──────── Task material ────────

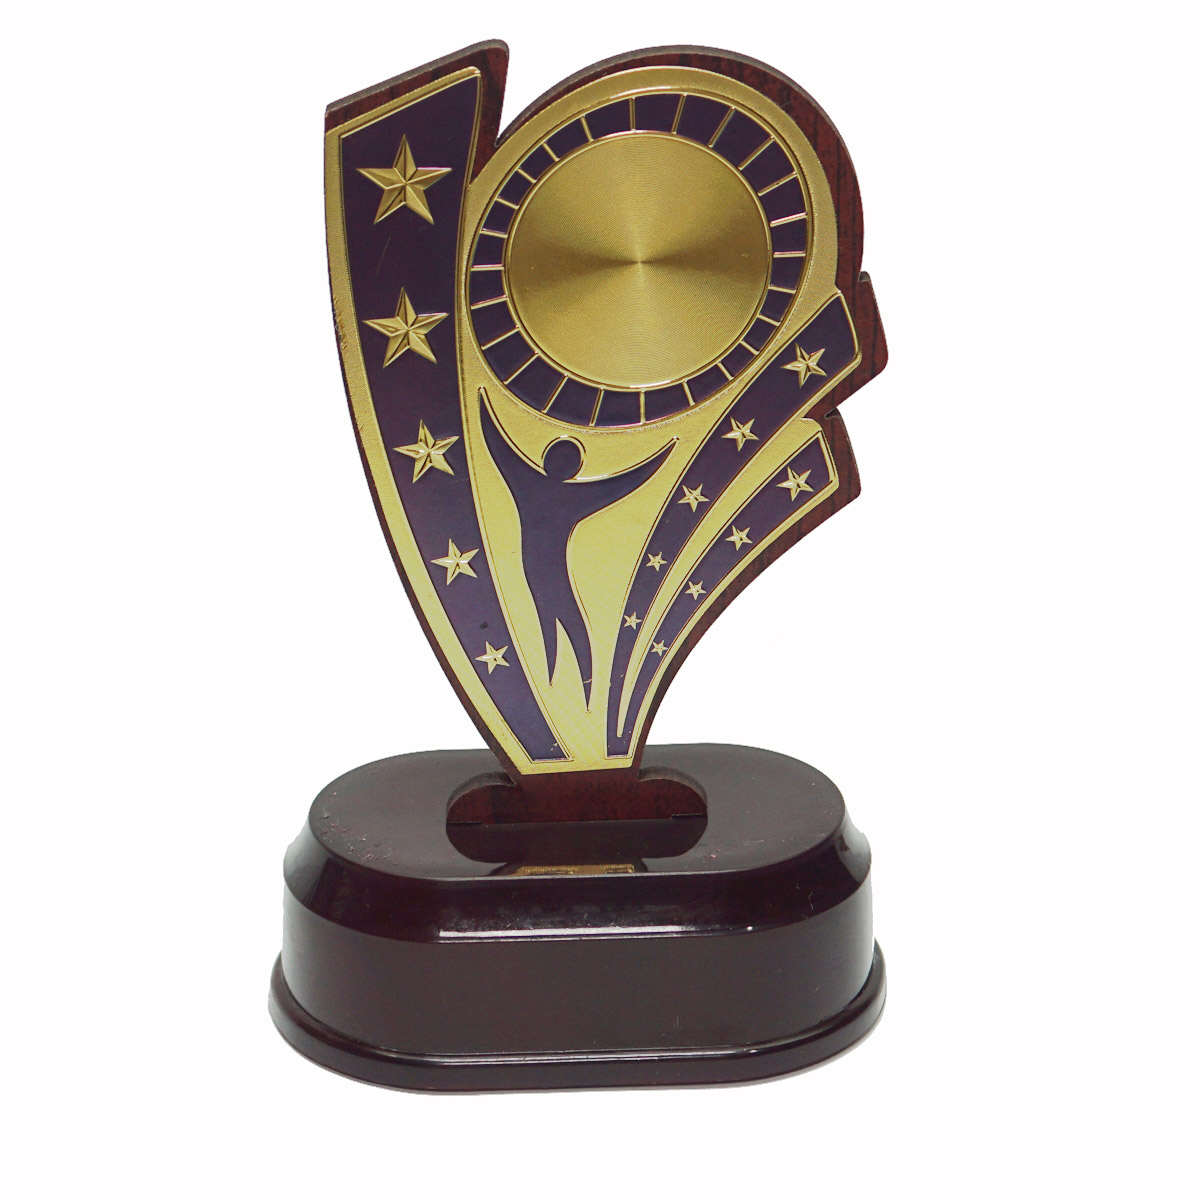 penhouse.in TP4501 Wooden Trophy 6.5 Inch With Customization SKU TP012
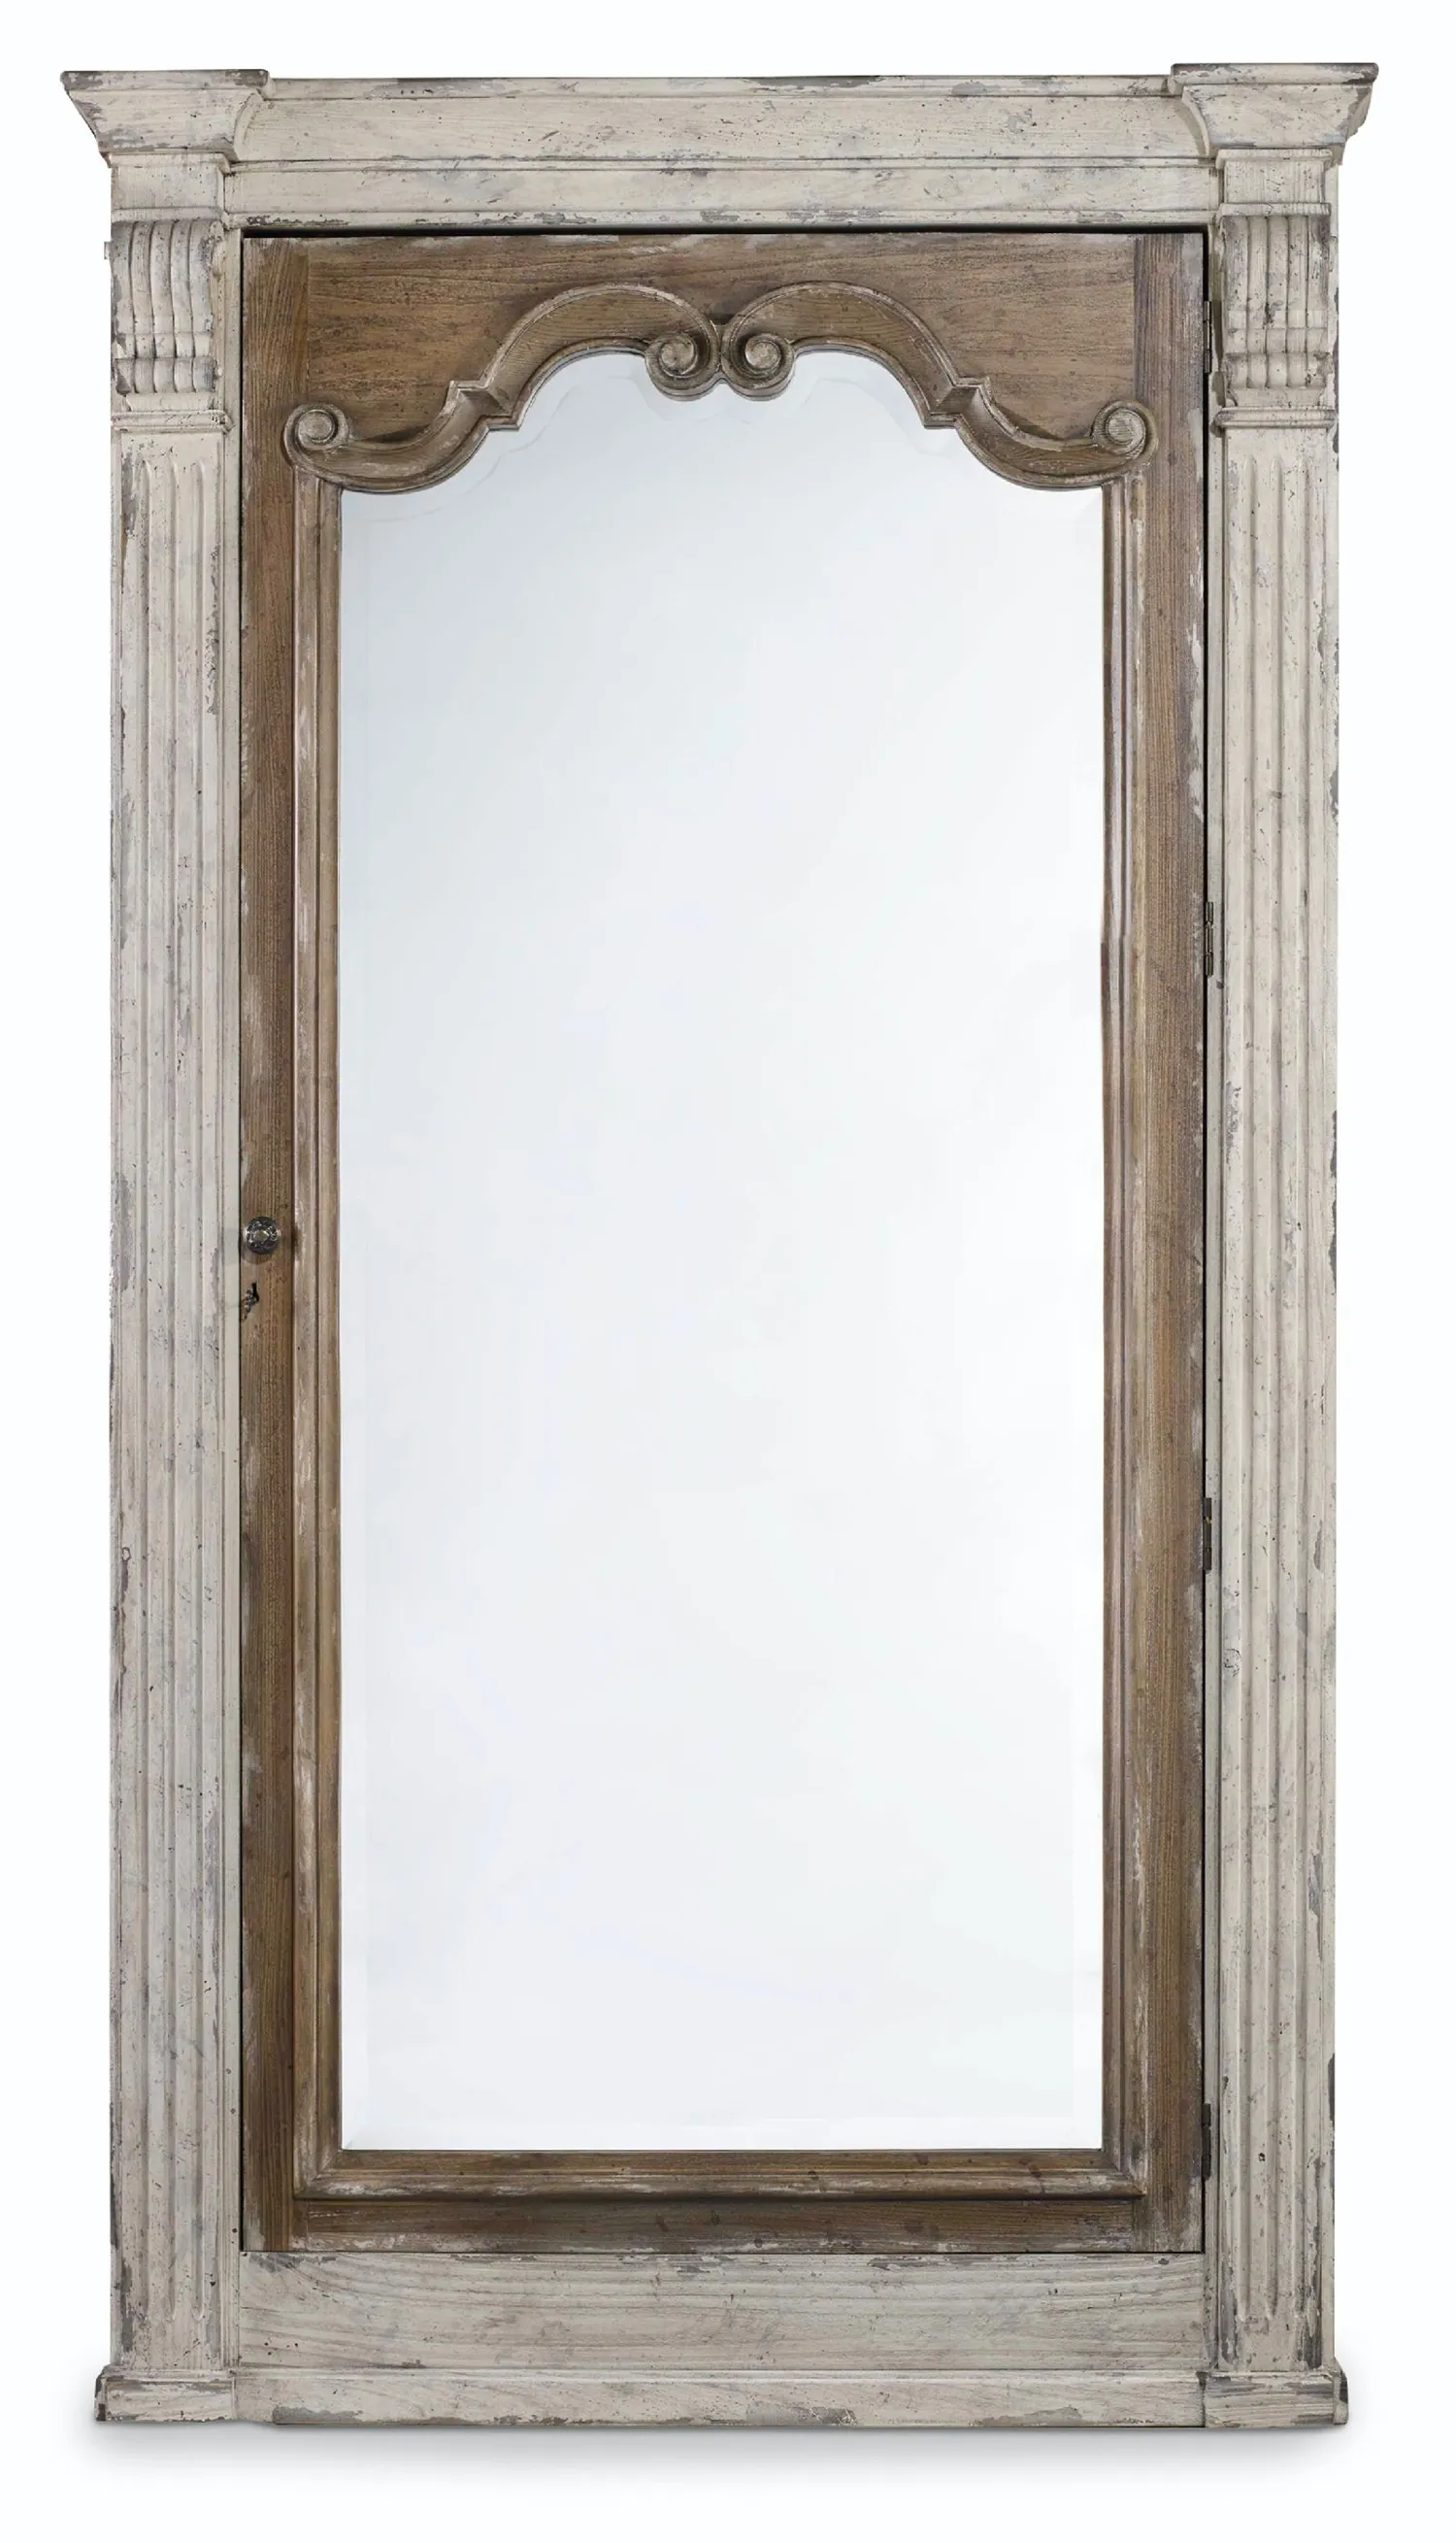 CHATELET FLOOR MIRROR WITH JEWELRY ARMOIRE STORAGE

────────
──────── Task material ────────

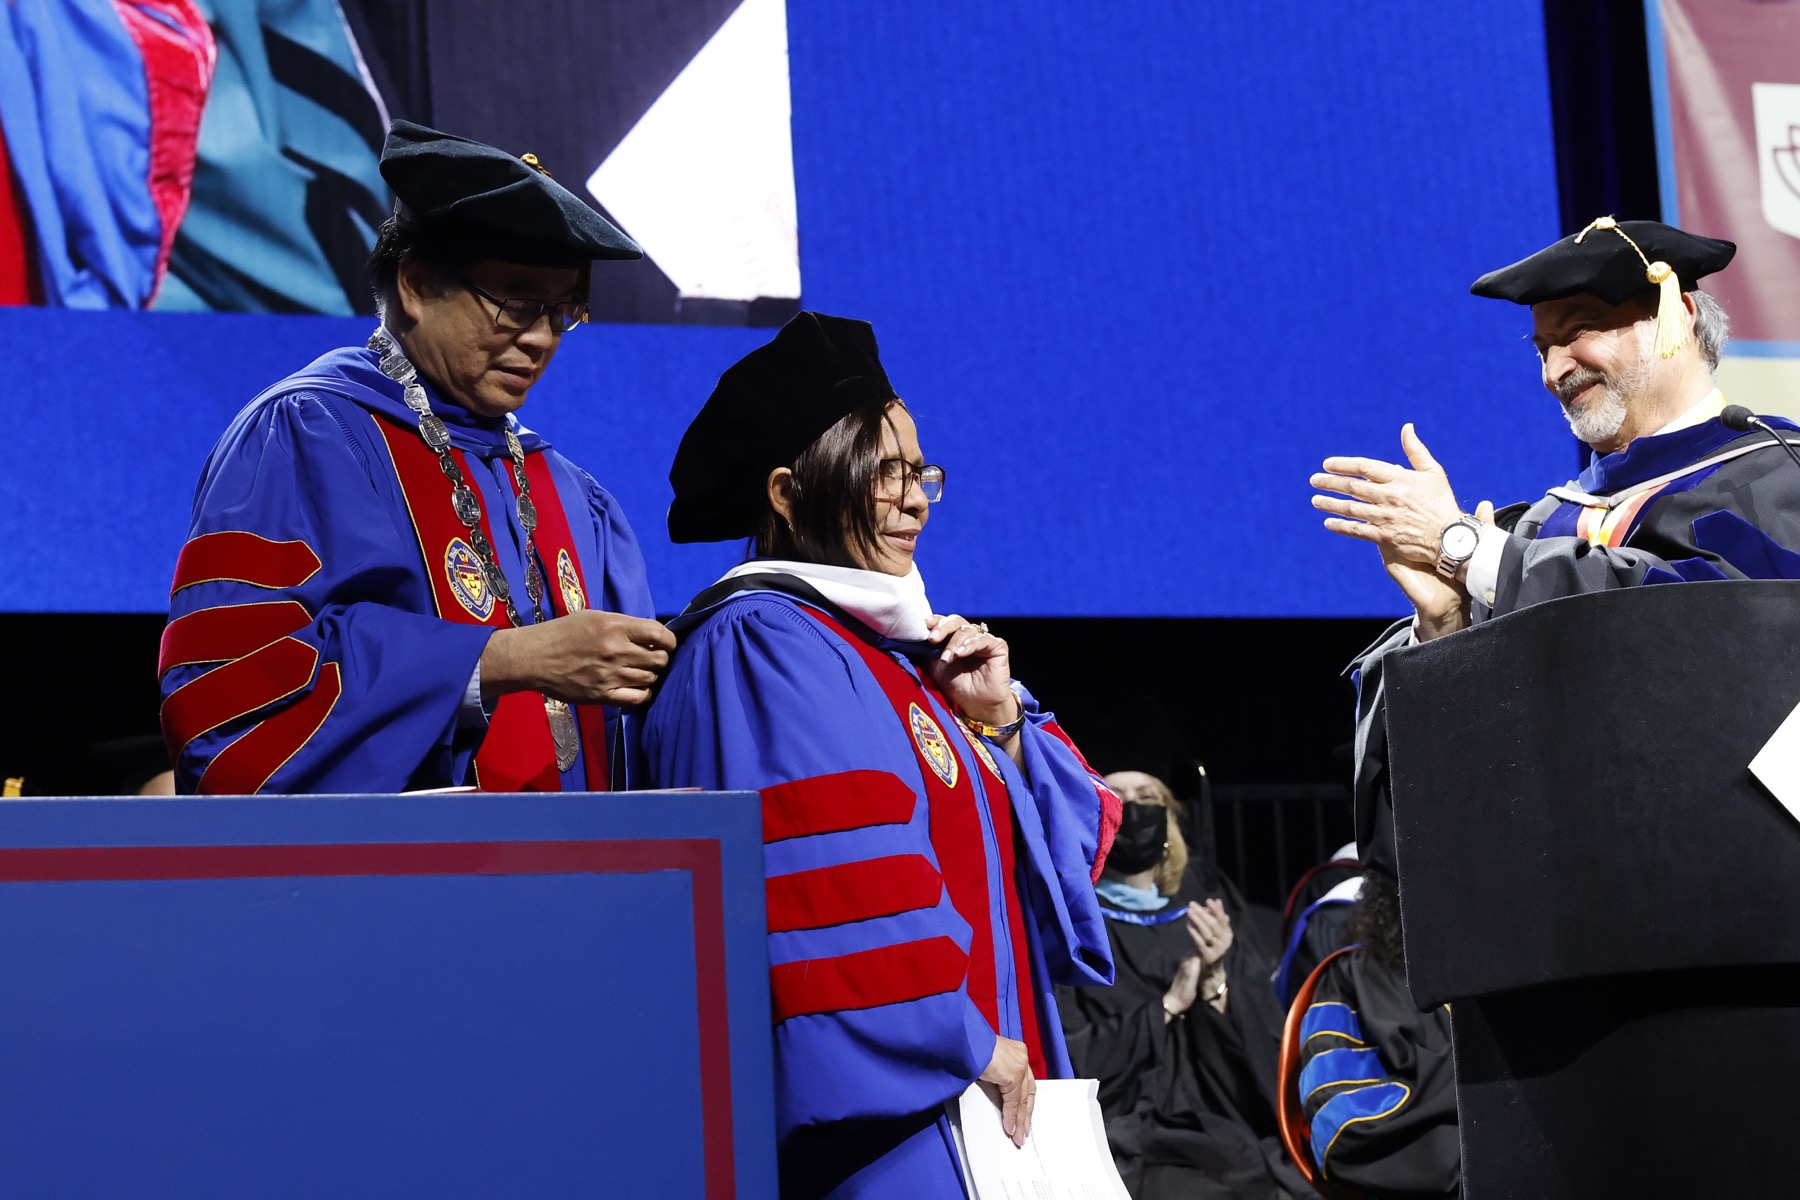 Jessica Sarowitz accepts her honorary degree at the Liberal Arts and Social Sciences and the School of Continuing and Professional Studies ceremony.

────────

Problem: Look above for the line with "penhouse.in TP4501 Wooden" and copy exactly from it through the line with "CHATELET FLOOR MIRROR", both included. Omit the pictures.

Result below:
 penhouse.in TP4501 Wooden Trophy 6.5 Inch With Customization SKU TP012
 CHATELET FLOOR MIRROR WITH JEWELRY ARMOIRE STORAGE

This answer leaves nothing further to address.